6. The Supreme Court decision in the case of Madhumilan Syntex (Pvt.) Ltd. relied upon by the appellants does not advance the appellants contention. In that case, the Supreme Court found that a demand for duty had been made without issuing Show Cause Notice for the modification of the classification list, whereas in this case the Assistant Collector has clearly issued a detailed show cause notice setting out the grounds for revising the classification, as also the liability to duty, and thereafter had ordered its revision, and the demand for duty followed as a consequence of such an adjudication by the Assistant Collector on the classification issue. In such a situation, when the decision of the Assistant Collector was upheld in appeal by the Collector (Appeals), and the appellants are pursuing the matter in a further appeal before the Tribunal, they cannot very well attempt to upset the decision on classification and the assessments completed on that basis indirectly by way of a refund claim.

7. The further case law relied upon by the appellants relating to the decision of the West Regional Bench in the Jhunjhunwala Rolling Mills and Engineering Works v. Collector of Central Excise, Nagpur, is also not on all fours with the facts of the present case. In that case the West Regional Bench was dealing with an application for refund under Section 11B, whereas here we are concerned with the demand for duty under Section 11A. Section 11A is a recovery provision and the two Sections 11A and 11B, although in a sense complementary, are not really pari passu. Section 11A provides for two different time limits for recovery which is absent in Section 11B.

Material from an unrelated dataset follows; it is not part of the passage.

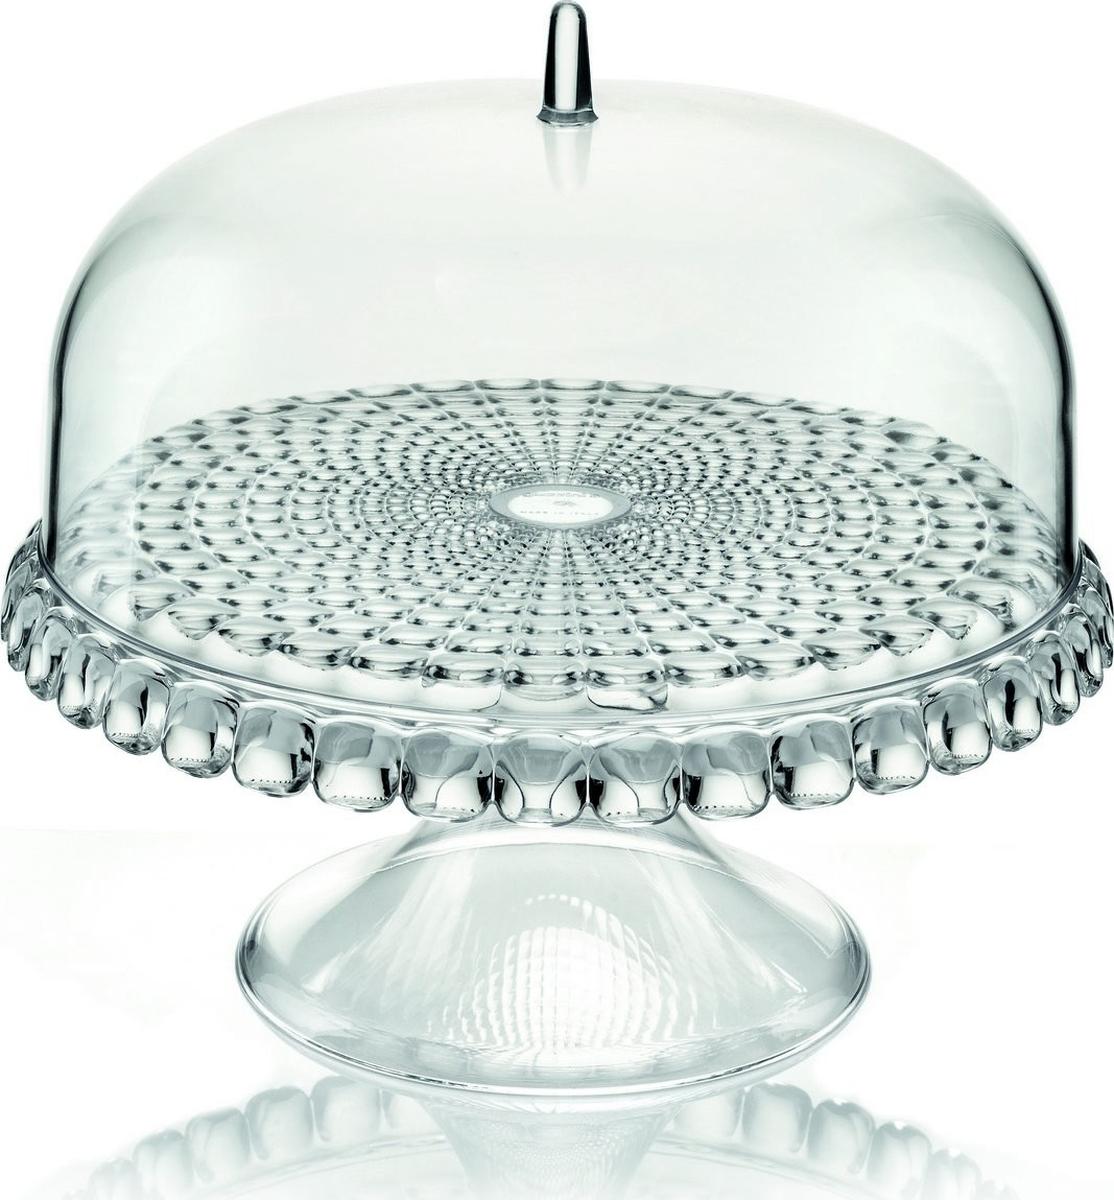 Тортовница Tiffany с прозрачной крышкой в форме купола украсит любой праздничный стол или чаепитие на открытом воздухе. Дизайн предмета отличается оригинальной рельефной формой, которая в сочетании с прозрачным материалом заставляет поверхность сверкать и переливаться на свету.Тортовница идеально подойдет для подачи выпечки, сладостей, закусок и, конечно, тортов. Крышка защитит продукты от заветривания, насекомых и других внешних факторов, что особенно важно для сервировки на свежем воздухе.Диаметр - 30 см. Изготовлена из высококачественного органического стекла, устойчивого к износу и повреждениям. Не содержит вредных примесей и бисфенола-А. Моется вручную.

8. It is further seen that in this case the revised classification has been made applicable by the Assistant Collector in his order dated 21-5-1985 with effect from the date of issue of the Show Cause Notice and such prospective revision of the classification has been upheld by the Supreme Court in the case of MAT Steel Equipment Private Ltd. v. Collector of Central Excise reported in 1988 (34) E.L.T. (8) (SC). In the circumstances, therefore, we do not find any reason to interfere with the orders passed by the lower authorities. The appeal is, therefore, rejected.